К обеду второго дня Кашкин закрыл лежавшую перед ним октябрьскую книгу. Посмотрел на лист, который лежал в самом начале годовой подшивки. Это был тот самый сводный лист, над которым Сычёв сидел в понедельник до вечера — одна страница, в графах, весь год по месяцам, все трактиры, все штрафы, все акты ревизии, все подписи. Одна страница.
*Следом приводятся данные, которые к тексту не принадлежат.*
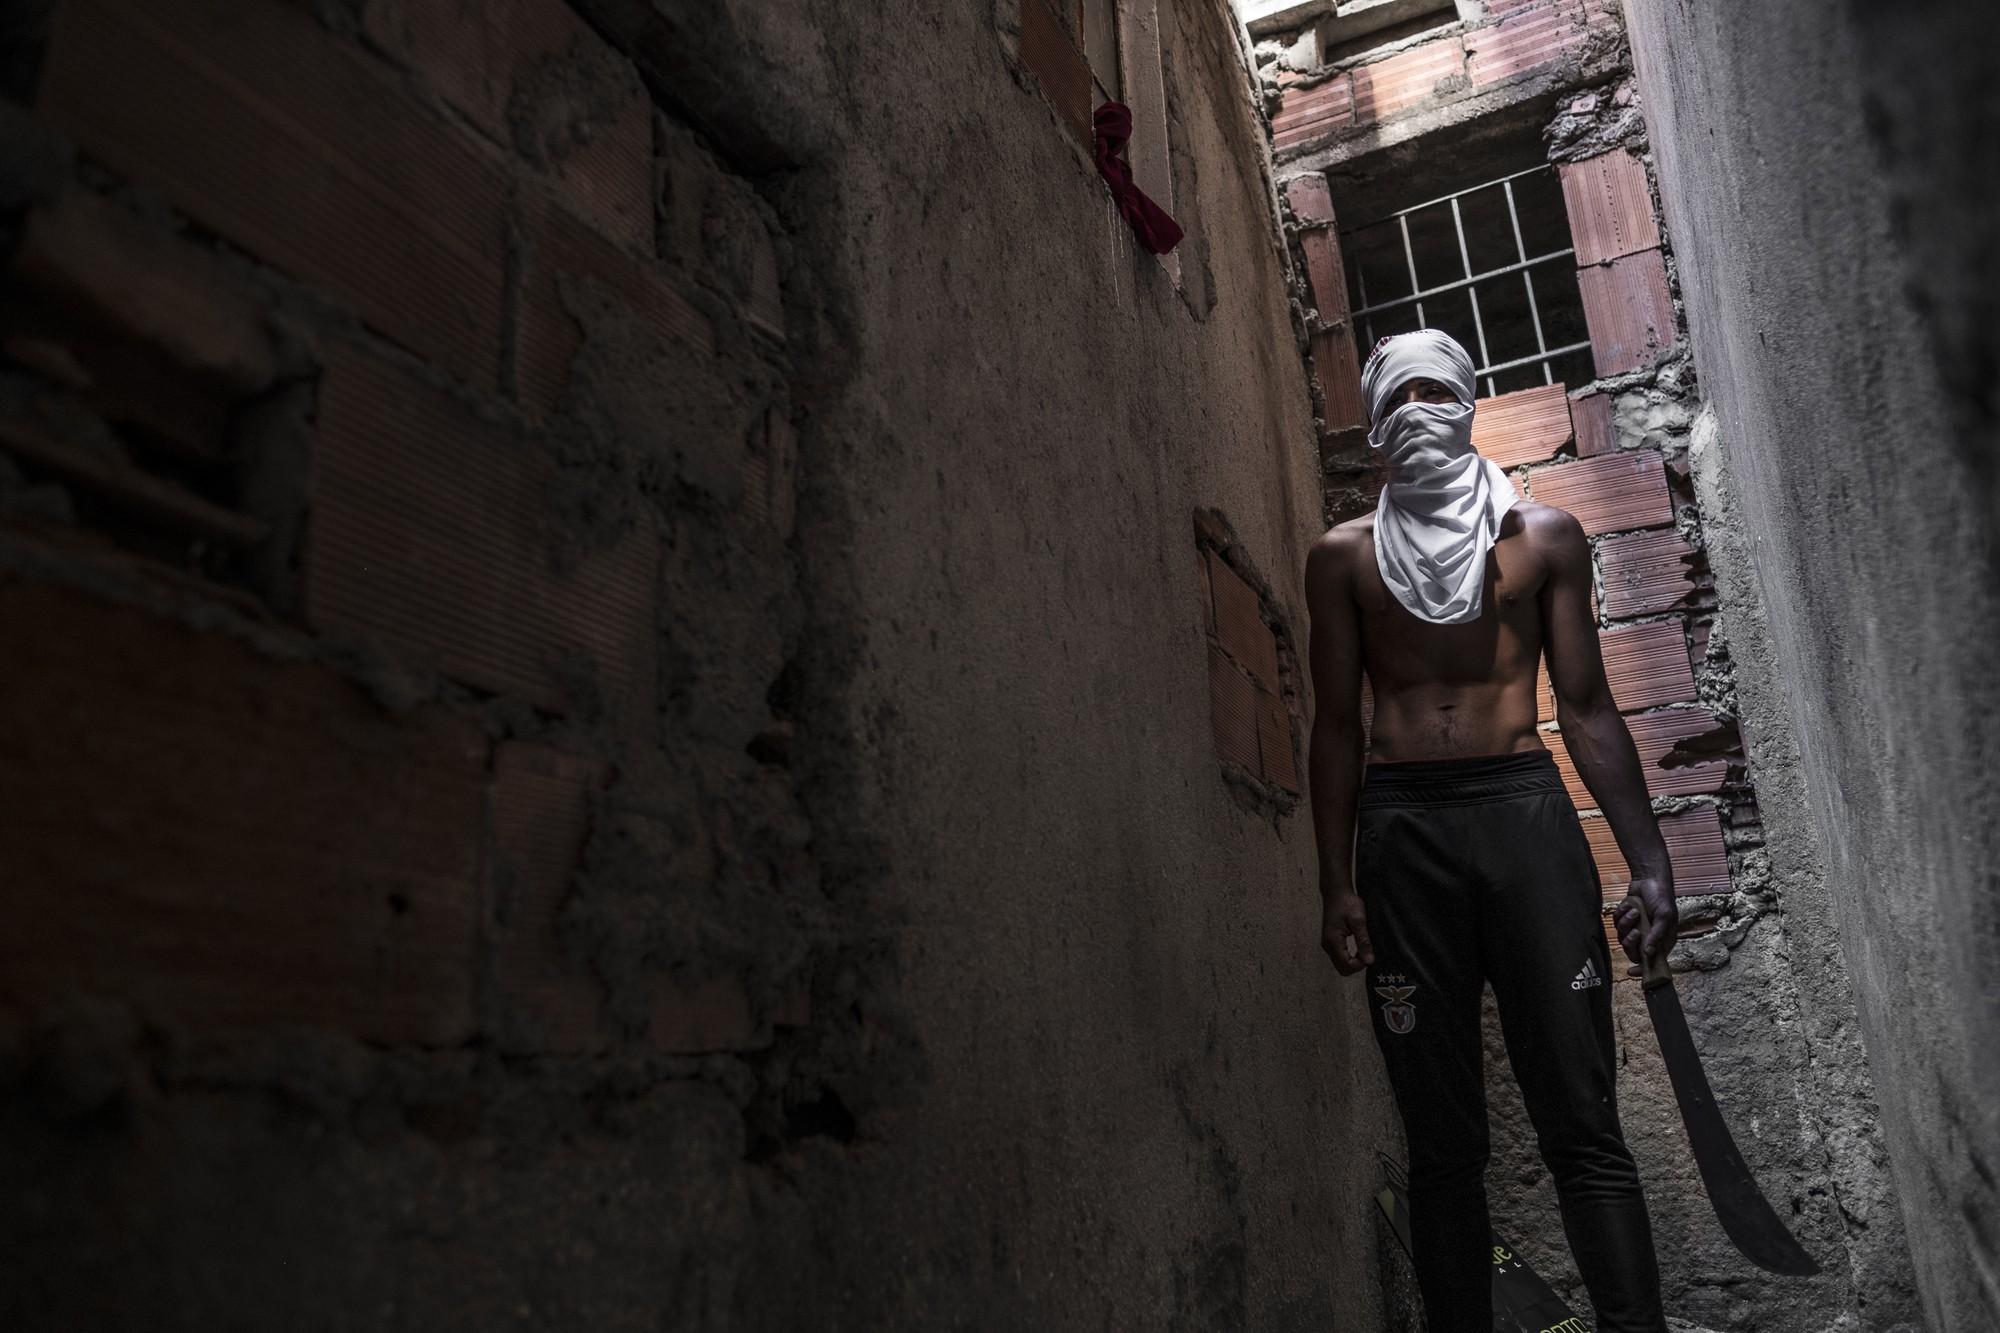 Mặt tối cuộc sống mang tên 6 de Maio: Những gì diễn ra bên trong khu phố nguy hiểm bậc nhất Bồ Đào Nha - Ảnh 10.

Кашкин перечитал её. Потом поднял глаза на Сычёва, который в это время мерно помешивал чай в стакане (Сычёв сам себе из маленького самовара, с того угла кабинета, где у него за зимой выработался свой рабочий ритуал).
— Фёдор Игнатьич.
— Да, Михаил Иваныч.
— У вас же это по вашему сводному листу записано в самом начале. Все итоги, все подписи, все даты. Я сейчас за два дня прошёл по книгам и получил то же самое, что написано на этом листе. Может быть, даже хуже — потому что на листе у вас ещё и графы с процентами в сравнении с восьмидесятым годом, а в книгах этих граф нет, их нужно было считать отдельно.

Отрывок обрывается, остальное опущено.